** The problem **
Retype the data below exactly, skipping pictures.

***** Recorded information *****

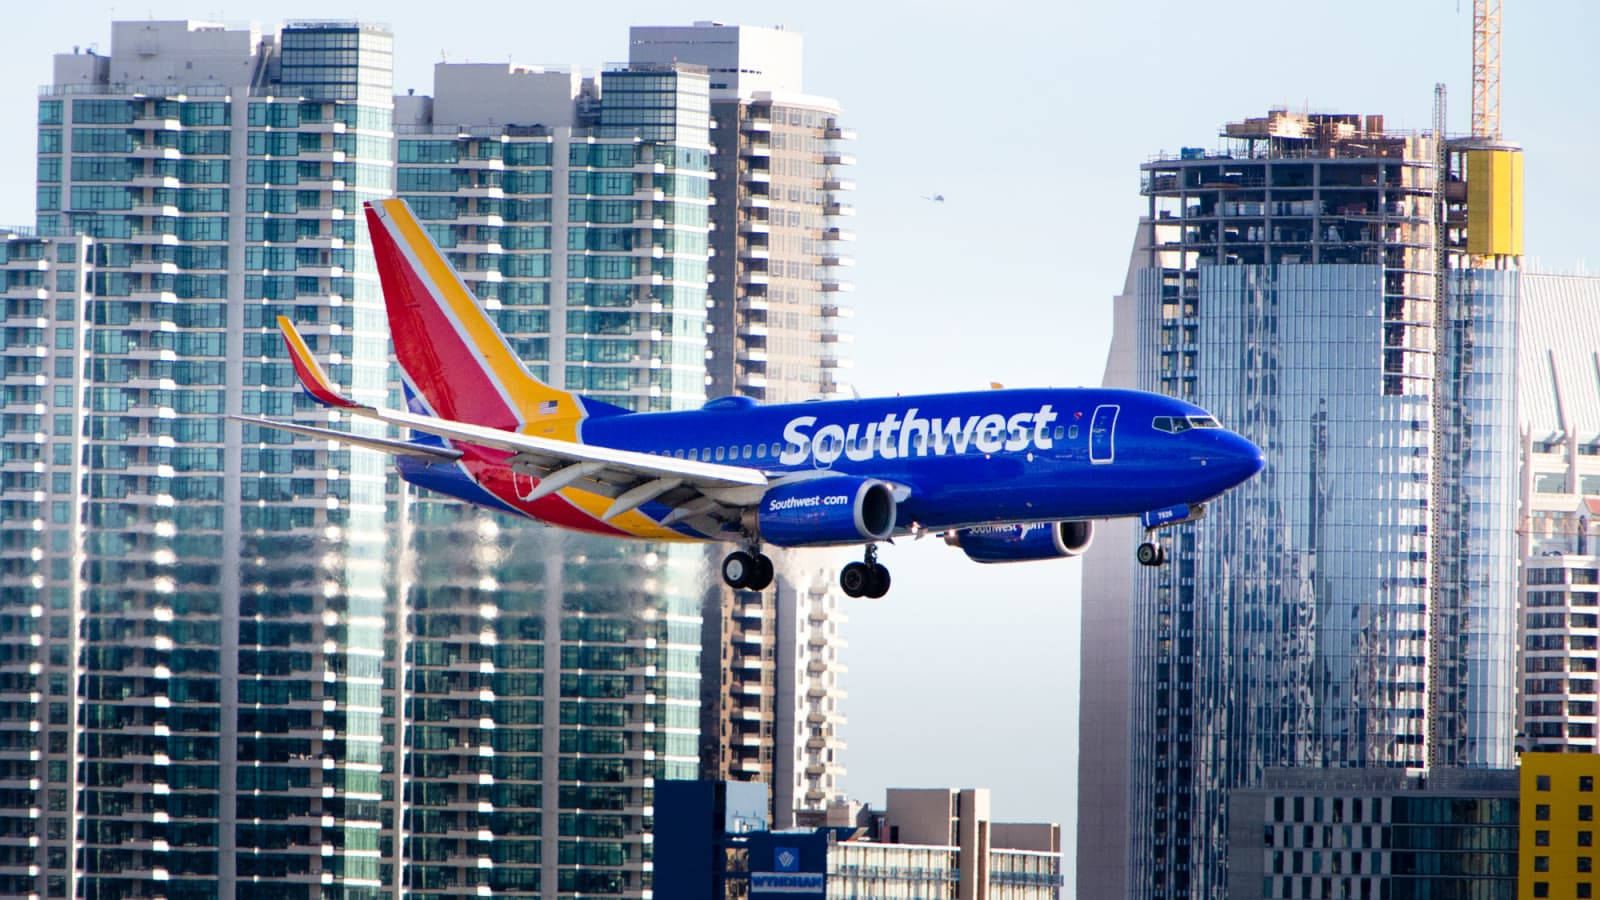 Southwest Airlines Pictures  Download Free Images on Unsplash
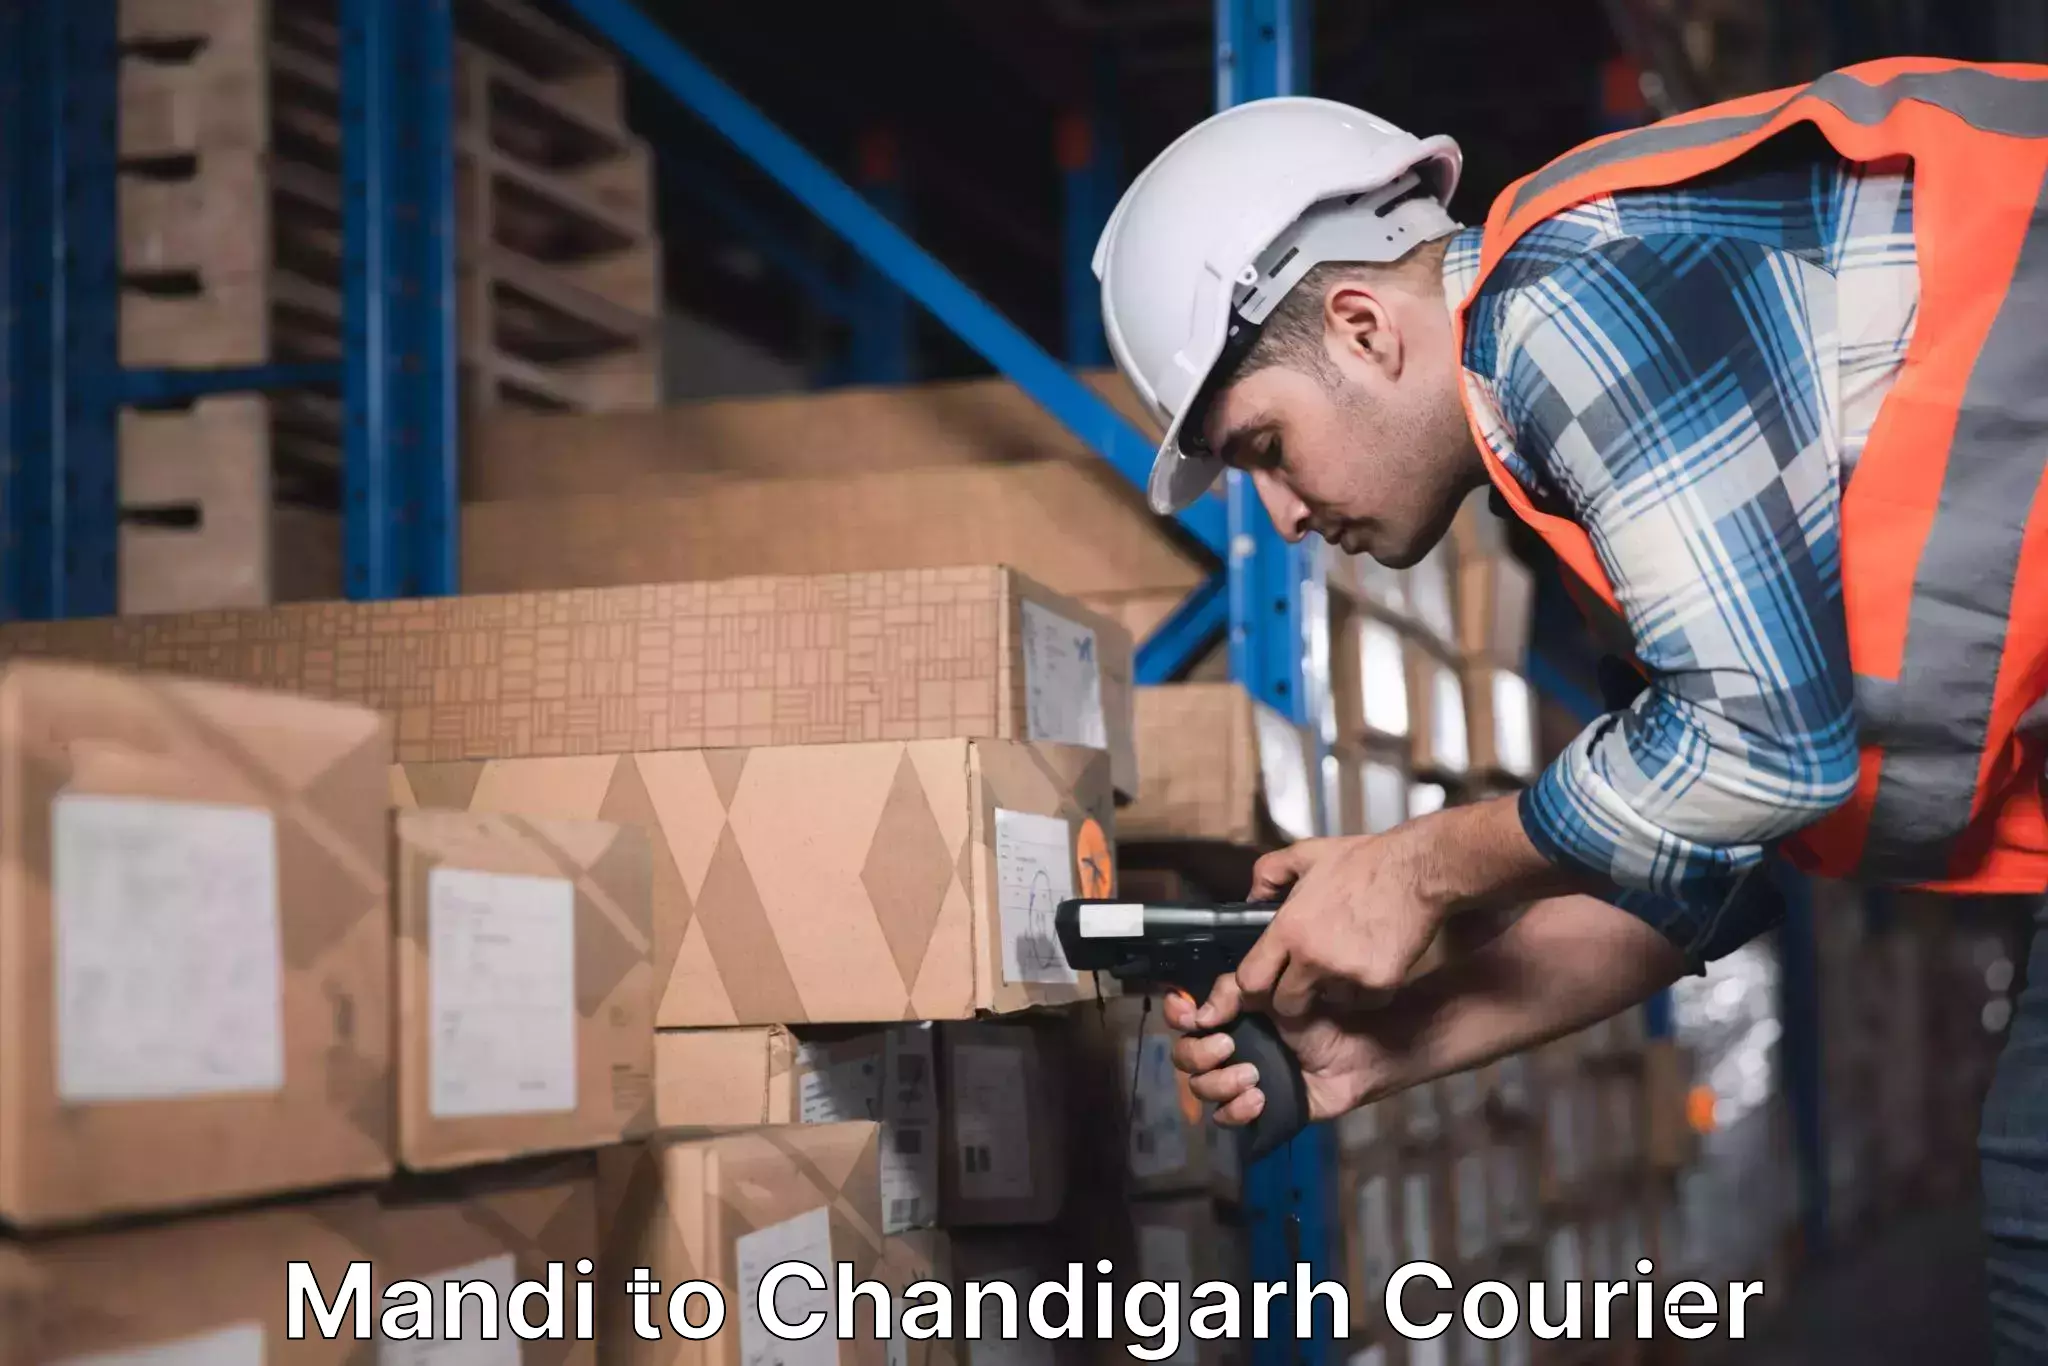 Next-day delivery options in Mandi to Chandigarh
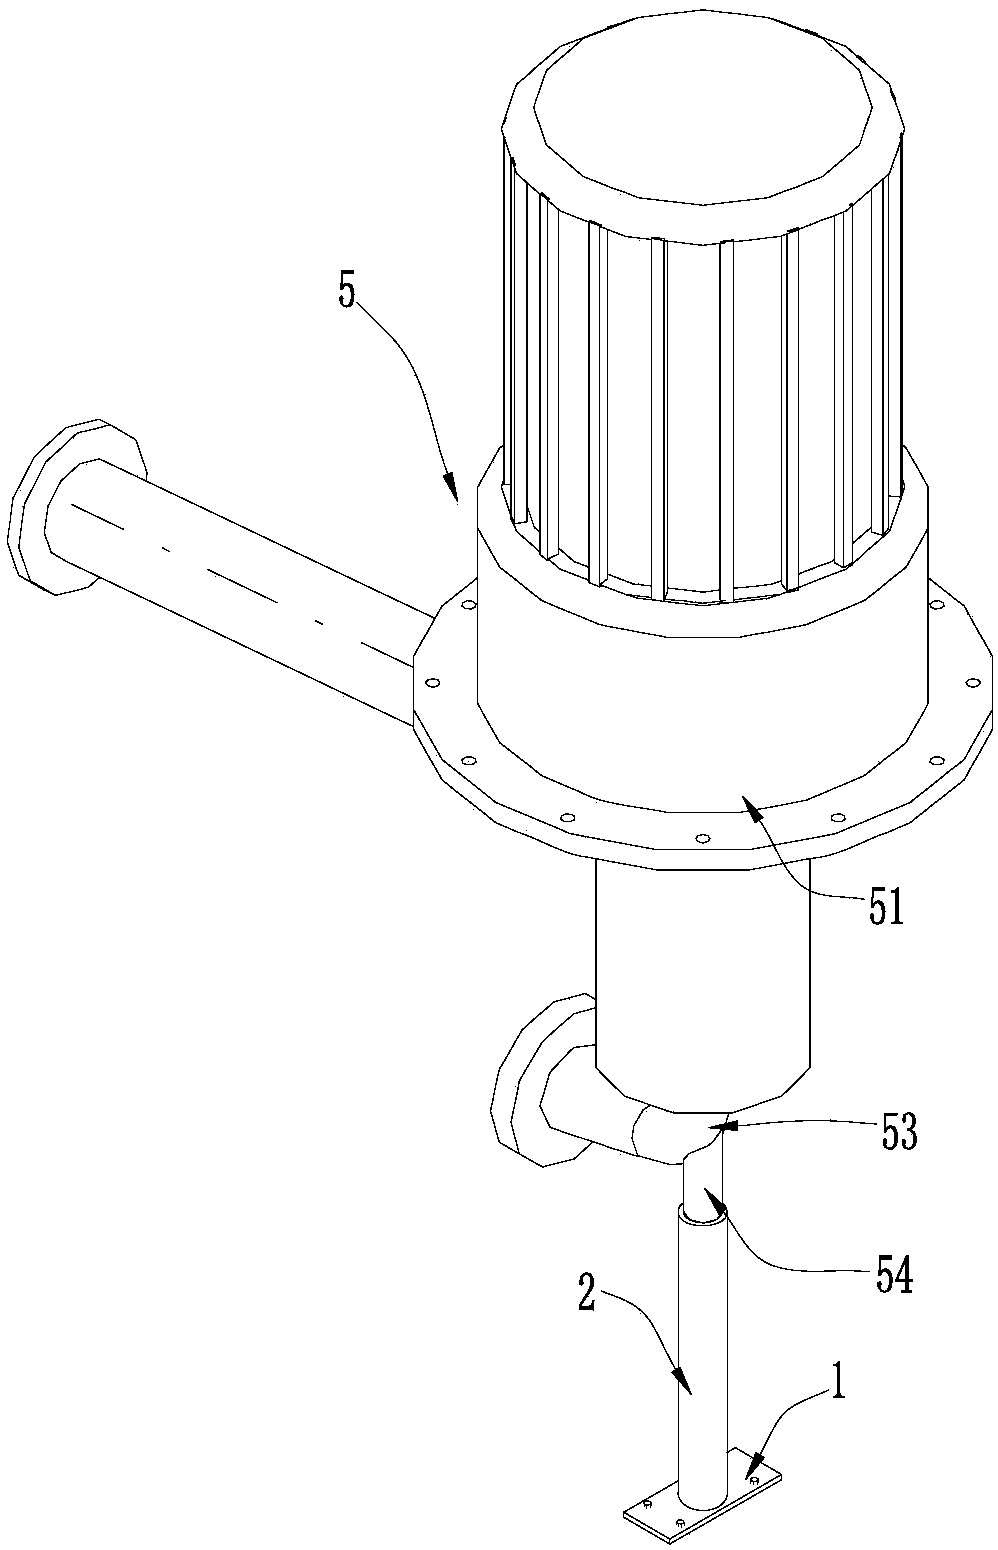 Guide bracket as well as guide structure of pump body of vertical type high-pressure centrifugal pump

*****

** Your response **
 Southwest Airlines Pictures  Download Free Images on Unsplash
 Next-day delivery options in Mandi to Chandigarh
 Guide bracket as well as guide structure of pump body of vertical type high-pressure centrifugal pump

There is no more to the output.